Tuesday, September 28, 2021

Memory Management in RonDB

 Most of the memory allocated in RonDB is handled by the global memory manager. Exceptions are architecture objects and some fixed size data structures. In this presentation we will focus on the parts handled by the global memory manager.

In the global memory manager we have 13 different memory regions as shown in the figure below:



- DataMemory

- DiskPageBufferCache

- RedoBuffer

- UndoBuffer

- JobBuffer

- SendBuffers

- BackupSchemaMemory

- TransactionMemory

- ReplicationMemory

- SchemaMemory

- SchemaTransactionMemory

- QueryMemory

- DiskOperationRecords

One could divide those regions into a set of qualities. We have a set of regions that are fixed in size, another set of regions are critical and cannot handle failure to allocate memory, a set of regions have no natural upper limit and are unlimited in size, there is also a set of regions that are flexible in size that can work together to achieve the best use of memory. We can also divide regions based on whether the memory is short term or long term. Each region can belong to multiple categories.

To handle these qualities of the regions we have priorities on each memory region, this priority can be affected by the amount of memory that the resource has allocated.

Fixed regions have a fixed size, this is used for database objects, the Redo log Buffer, the Undo log buffer, the DataMemory and the DiskPageBufferCache (the page cache for disk pages). There is code to ensure that we queue up when those resources are no longer available. DataMemory is a bit special and we will describe it separately below.

Critical regions are regions where a request to allocate memory would cause a crash. This relates to the job buffer which is used for internal messages inside a node, it also relates to send buffers which are used for messages to other nodes. DataMemory is a critical region during recovery, if we fail to allocate memory for database objects during recovery we would not be able to recover the database. Thus DataMemory is a critical region in the startup phase, but not during normal operation. DiskOperationRecords are also a critical resource since otherwise we cannot maintain the disk data columns. Finally we also treat BackupSchemaMemory as critical since not being able to perform a backup would make it very hard to manage RonDB.

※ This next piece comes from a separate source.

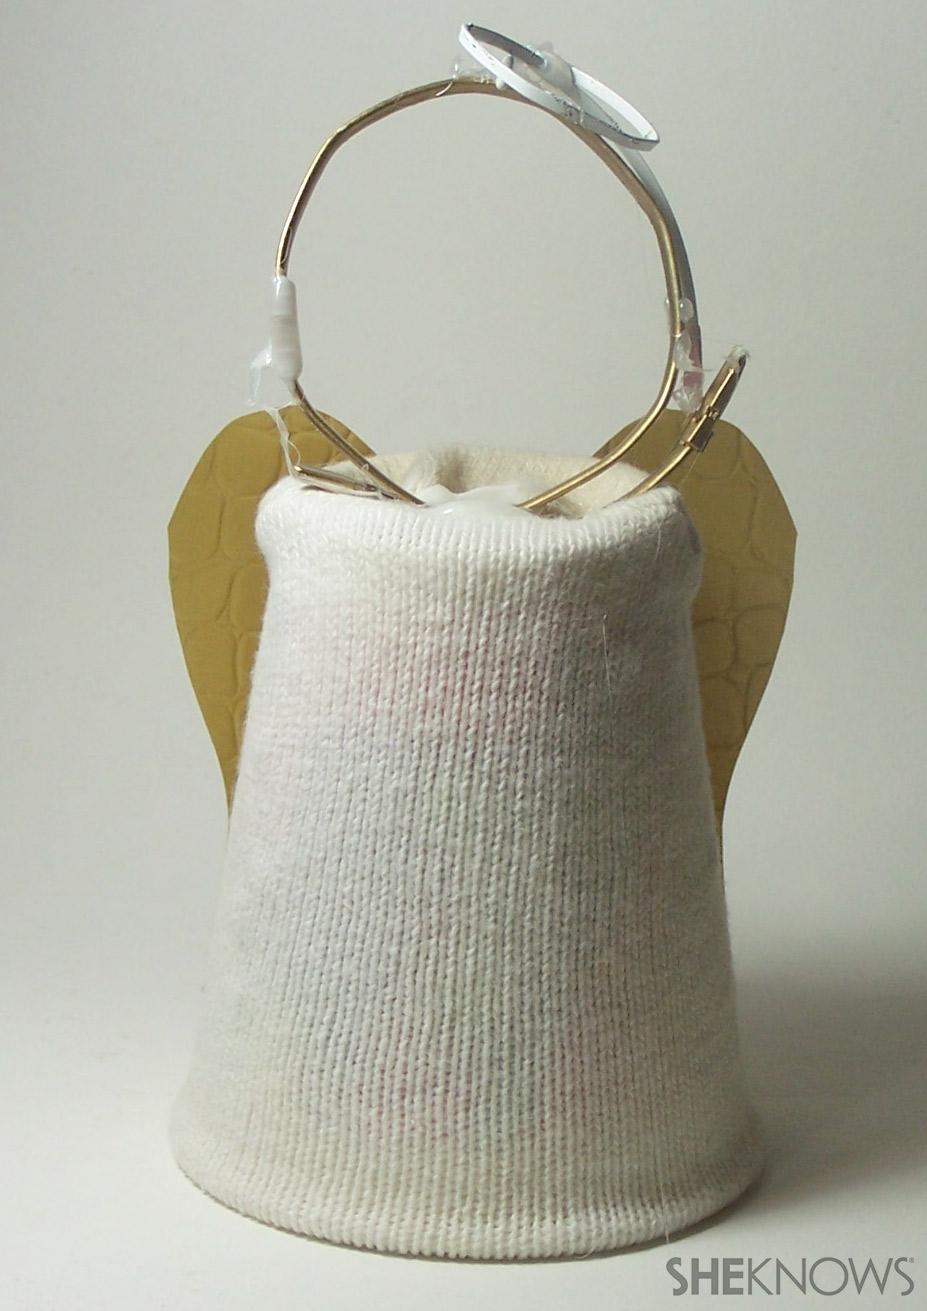 Underwire crafts | Sheknows.ca

Unlimited regions have no natural upper limit, thus as long as memory is available at the right priority level, the memory region can continue to grow. The regions in this category is BackupSchemaMemory, QueryMemory and SchemaTransactionMemory. QueryMemory is memory used to handle complex SQL queries such as large join queries. SchemaTransactionMemory can grow indefinitely, but the meta data operations try avoid growing too big.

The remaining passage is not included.